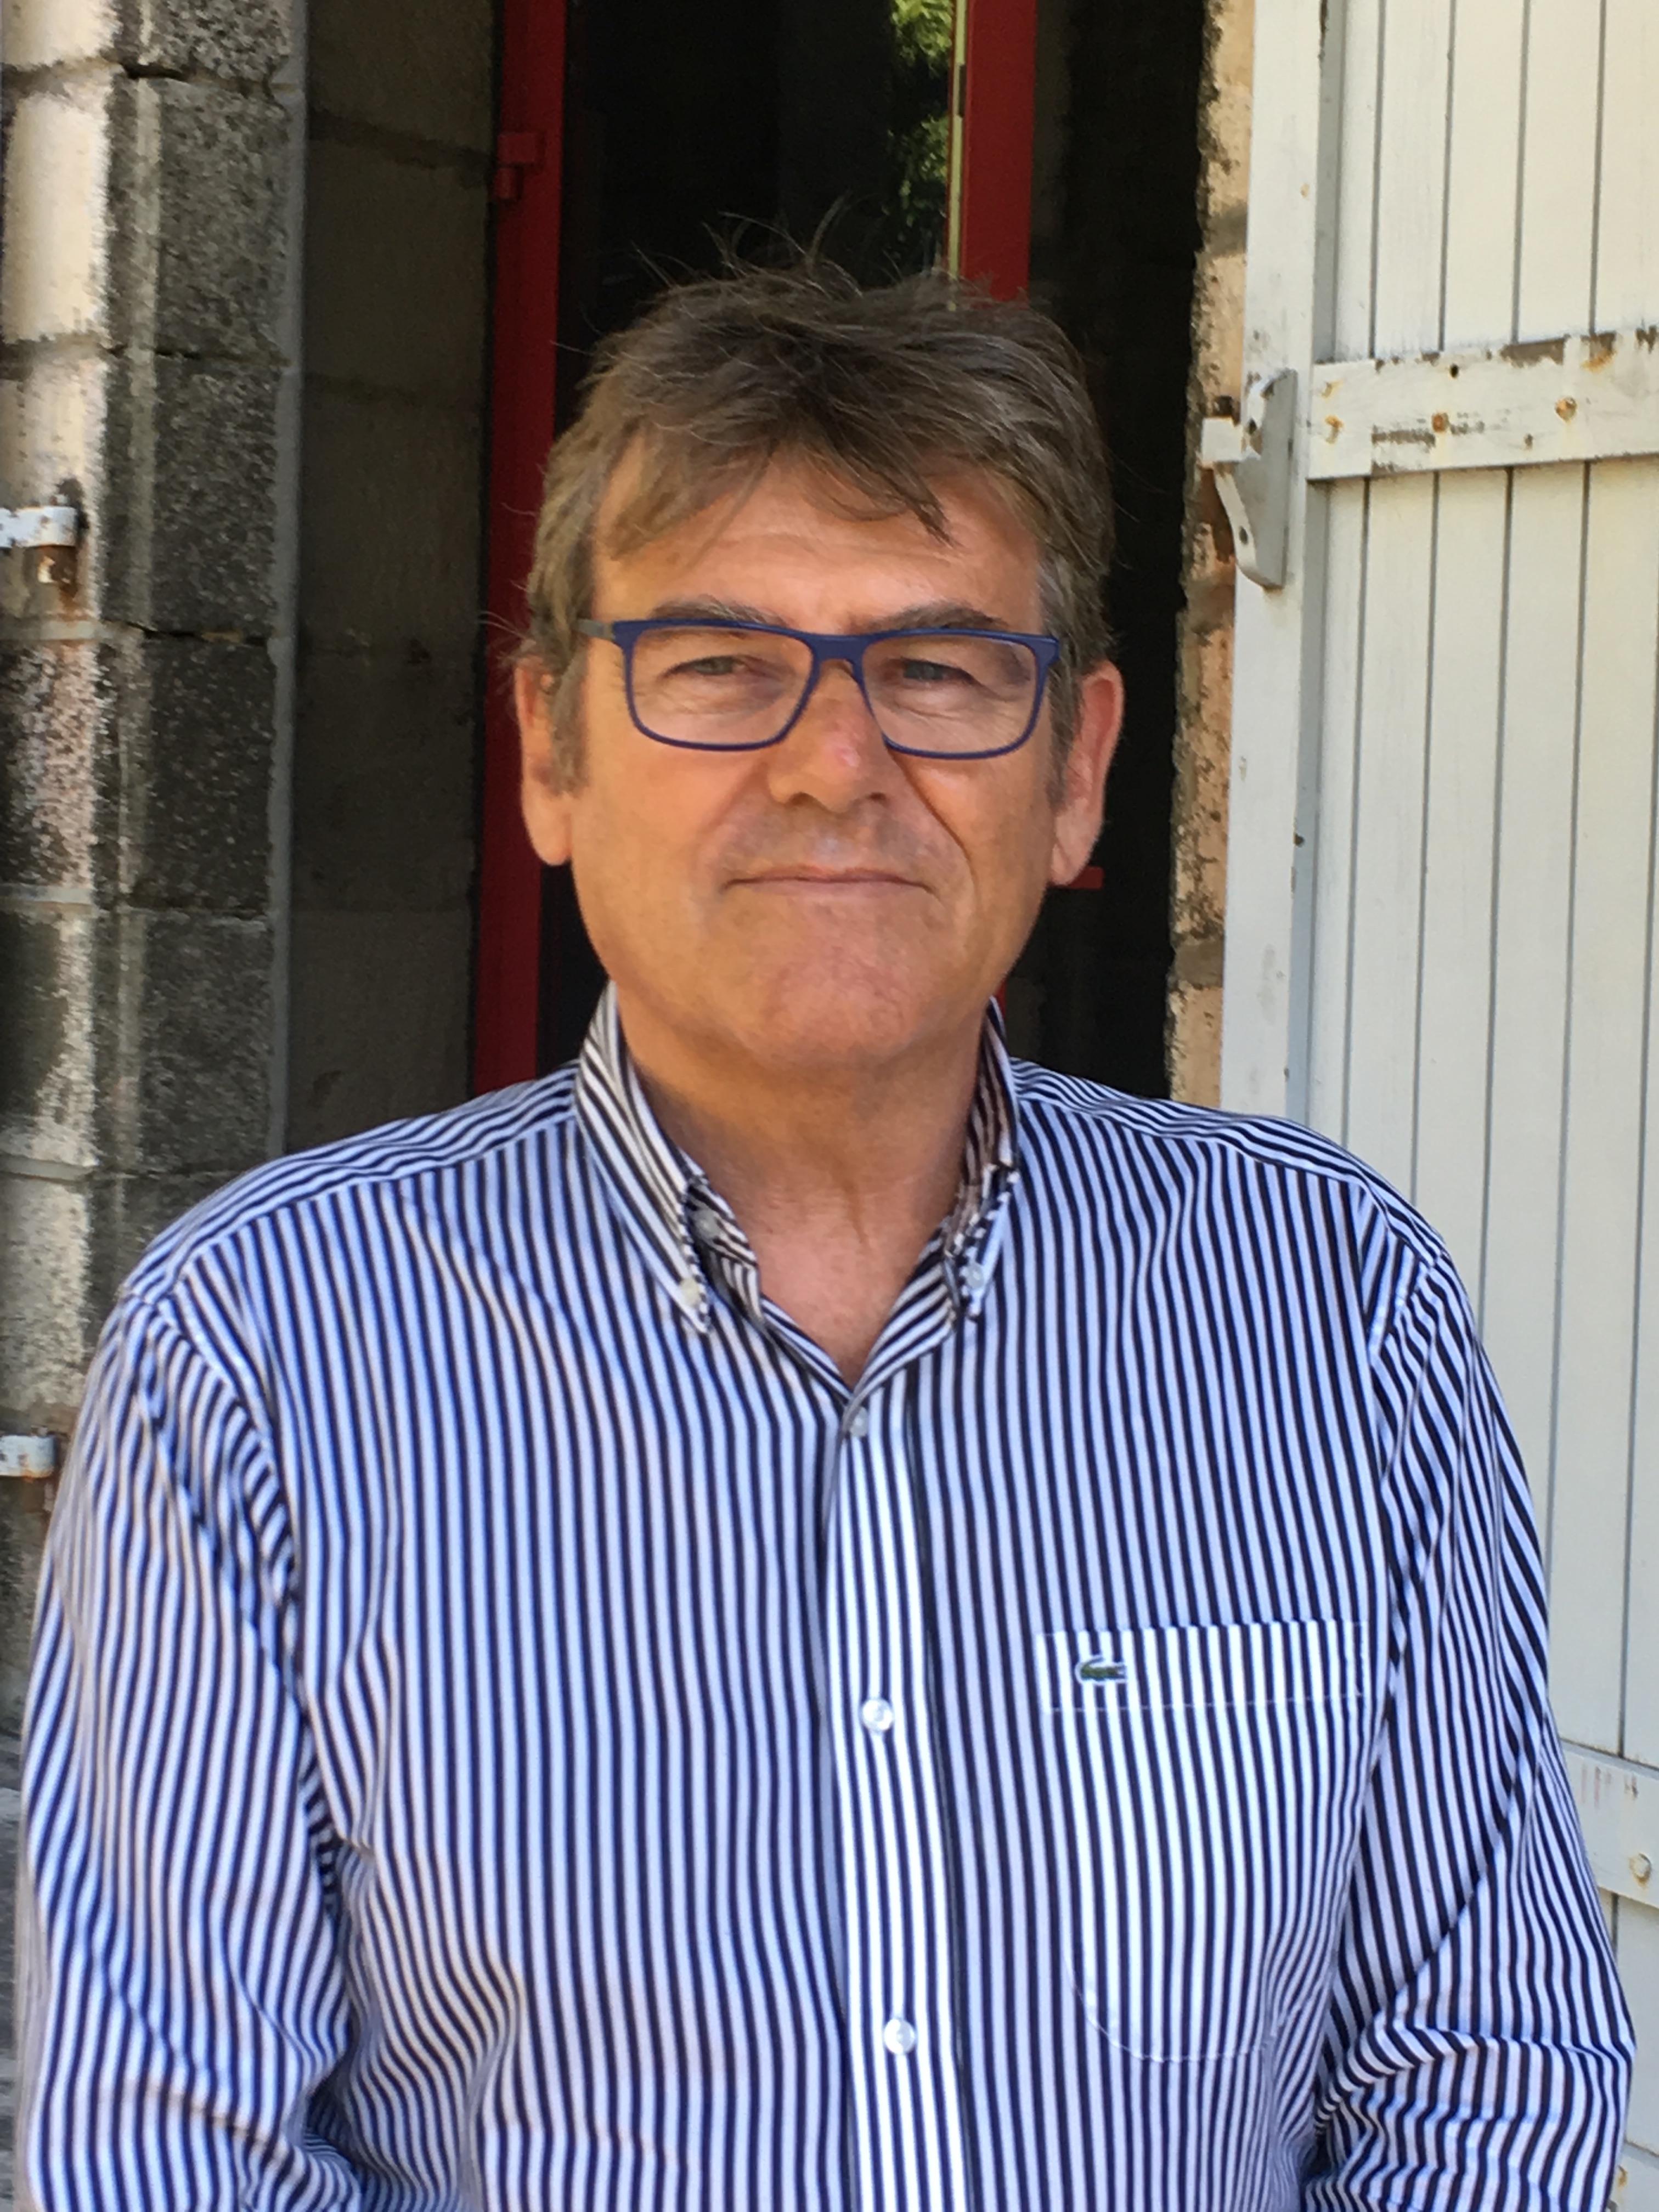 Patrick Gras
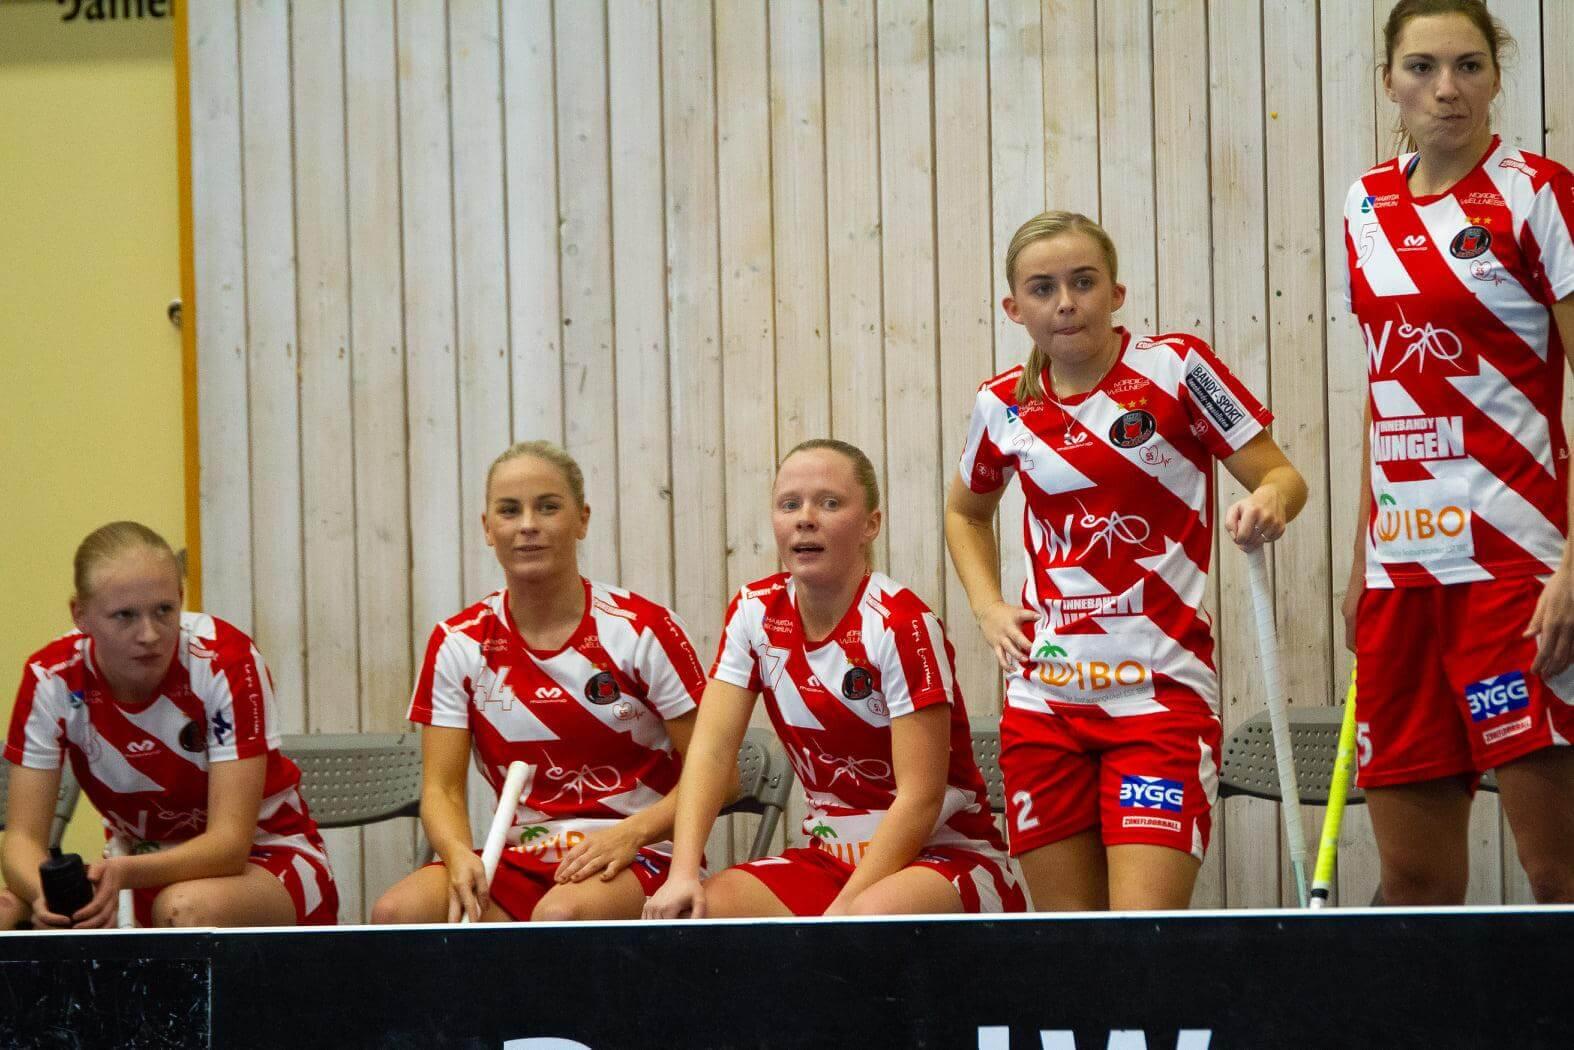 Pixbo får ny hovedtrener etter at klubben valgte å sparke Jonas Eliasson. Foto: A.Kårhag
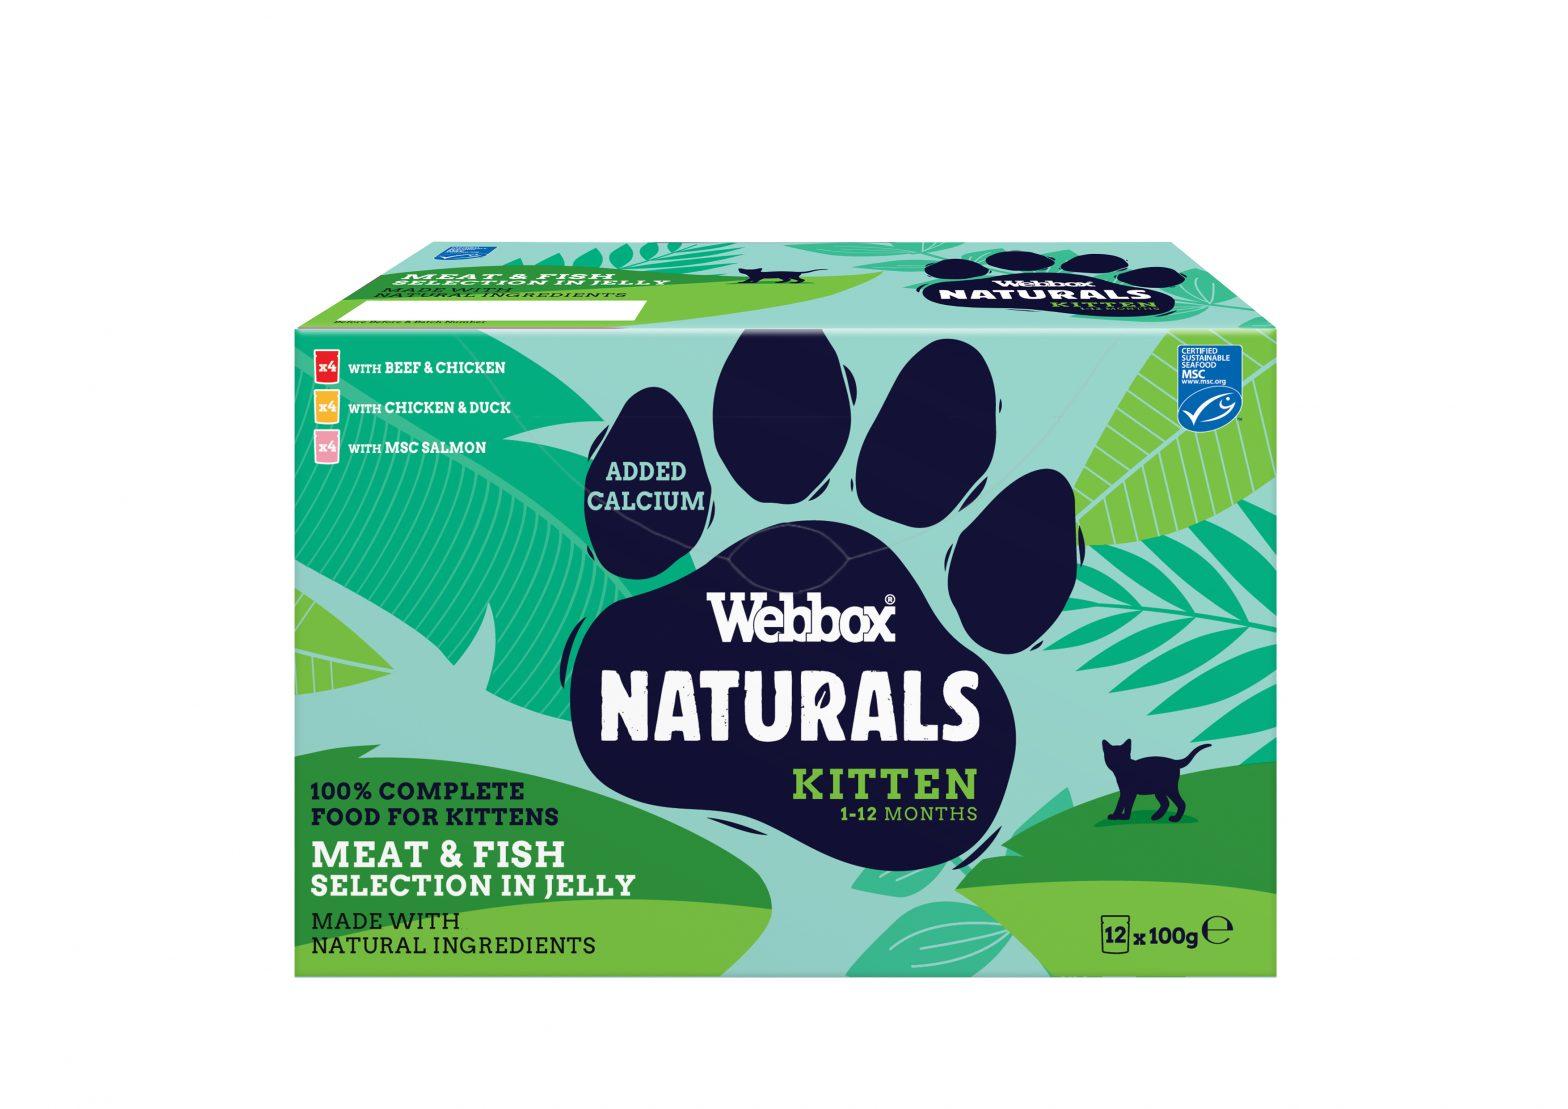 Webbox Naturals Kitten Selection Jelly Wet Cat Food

- [Task prompt]:
Leaving the pictures aside, write out only the lines from the one containing "Pixbo får ny" through the end of the material, exactly as they stand.

- [Expected answer]:
 Pixbo får ny hovedtrener etter at klubben valgte å sparke Jonas Eliasson. Foto: A.Kårhag
 Webbox Naturals Kitten Selection Jelly Wet Cat Food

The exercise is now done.